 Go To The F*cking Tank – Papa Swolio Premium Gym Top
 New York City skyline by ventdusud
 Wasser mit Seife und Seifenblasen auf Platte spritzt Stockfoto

==

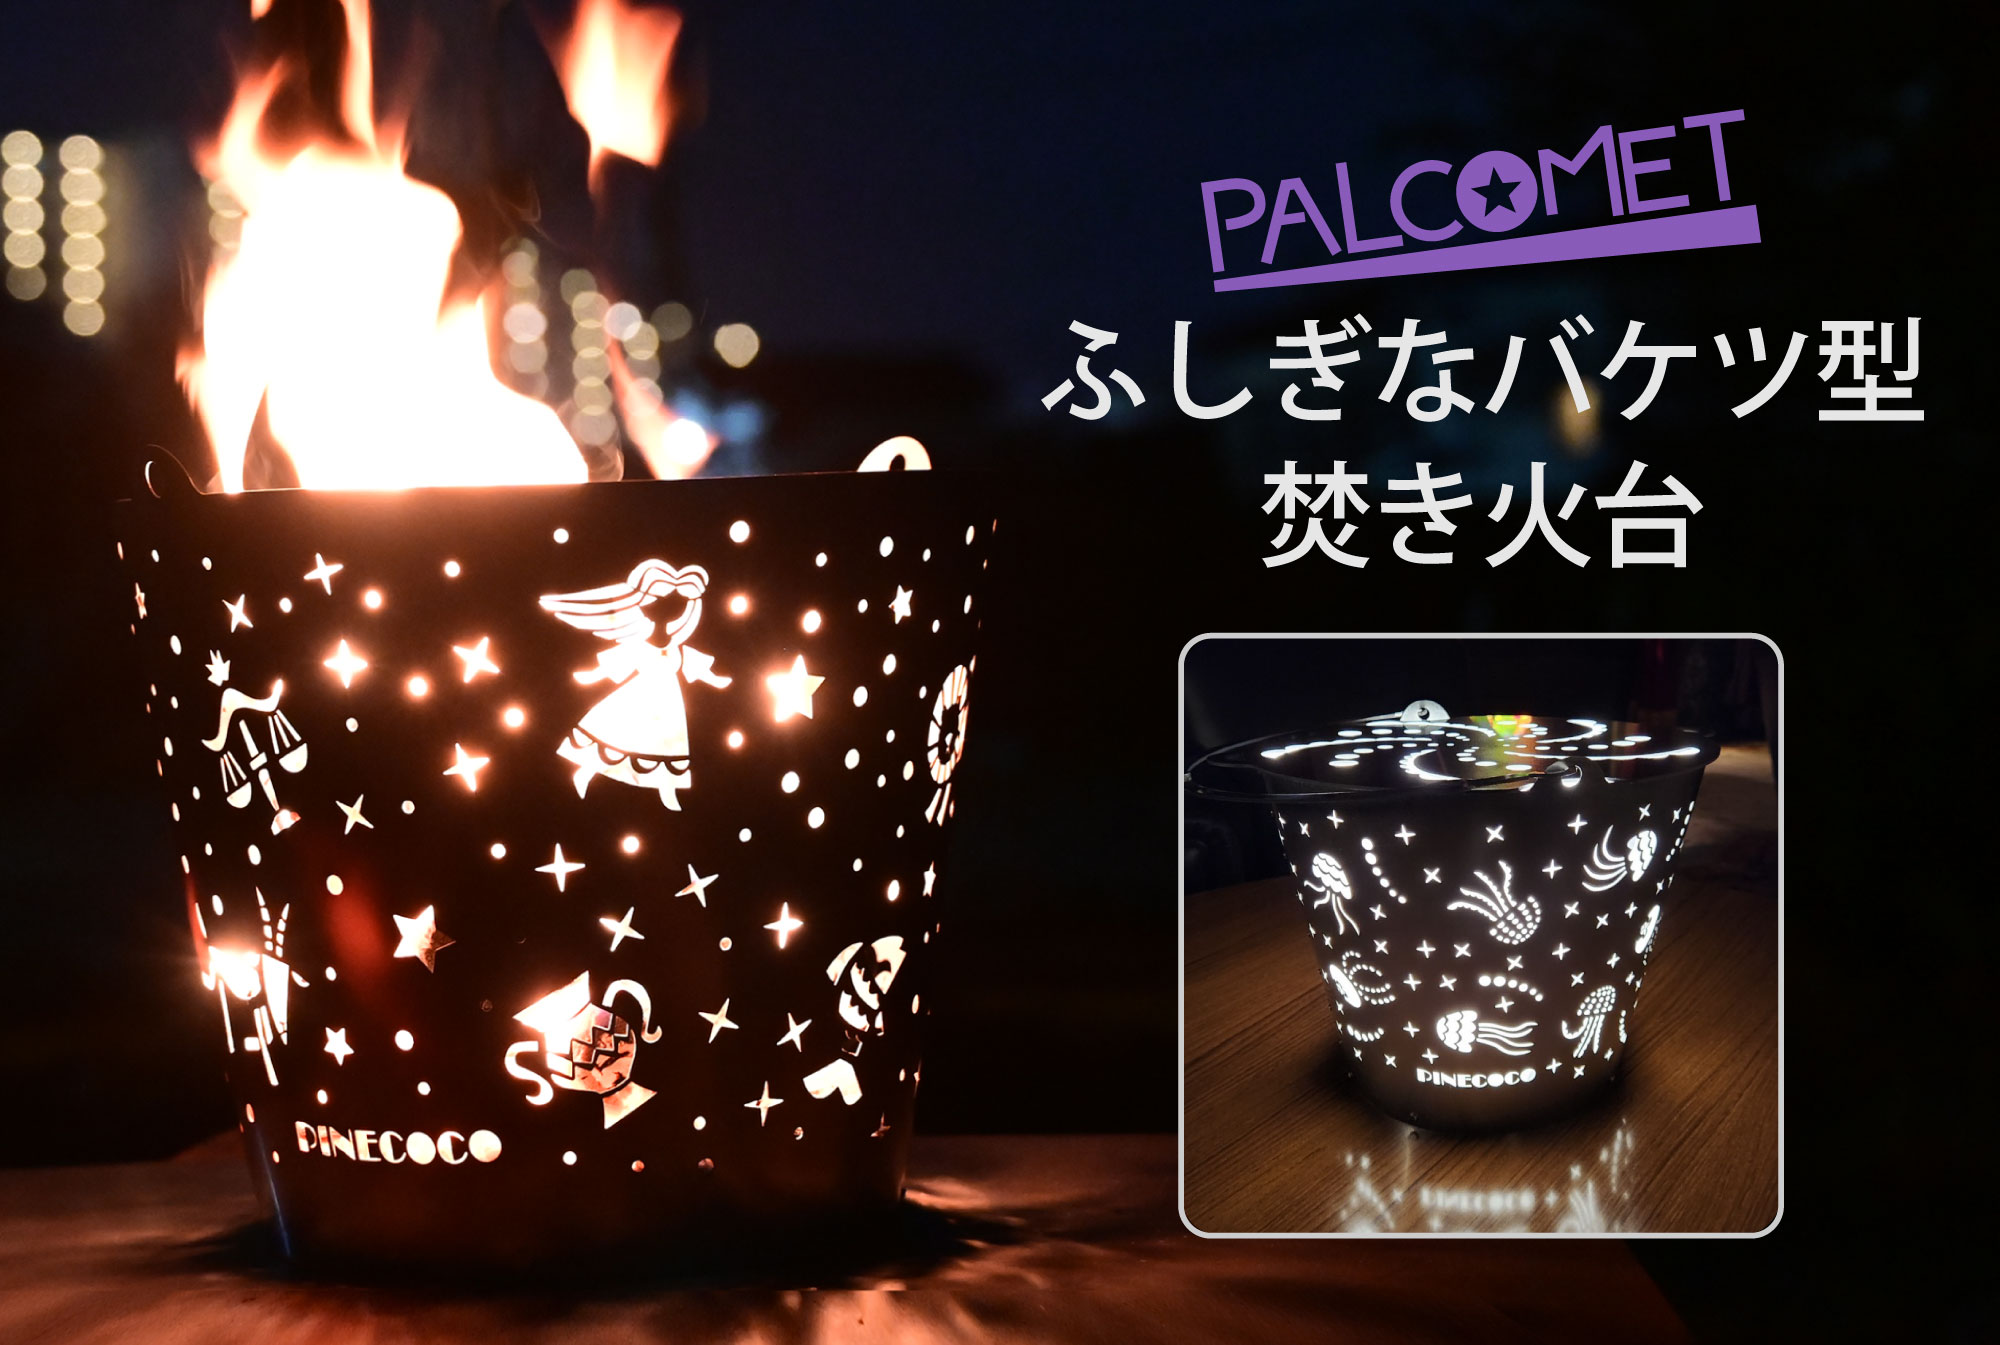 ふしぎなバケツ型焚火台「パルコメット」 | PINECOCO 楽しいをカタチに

Exercise details |
In the data above, start at the line that has "Go To The F*cking", stop after the line that has "Wasser mit Seife", and print every line in between exactly as it stands.

Exercise result |
 Go To The F*cking Tank – Papa Swolio Premium Gym Top
 New York City skyline by ventdusud
 Wasser mit Seife und Seifenblasen auf Platte spritzt Stockfoto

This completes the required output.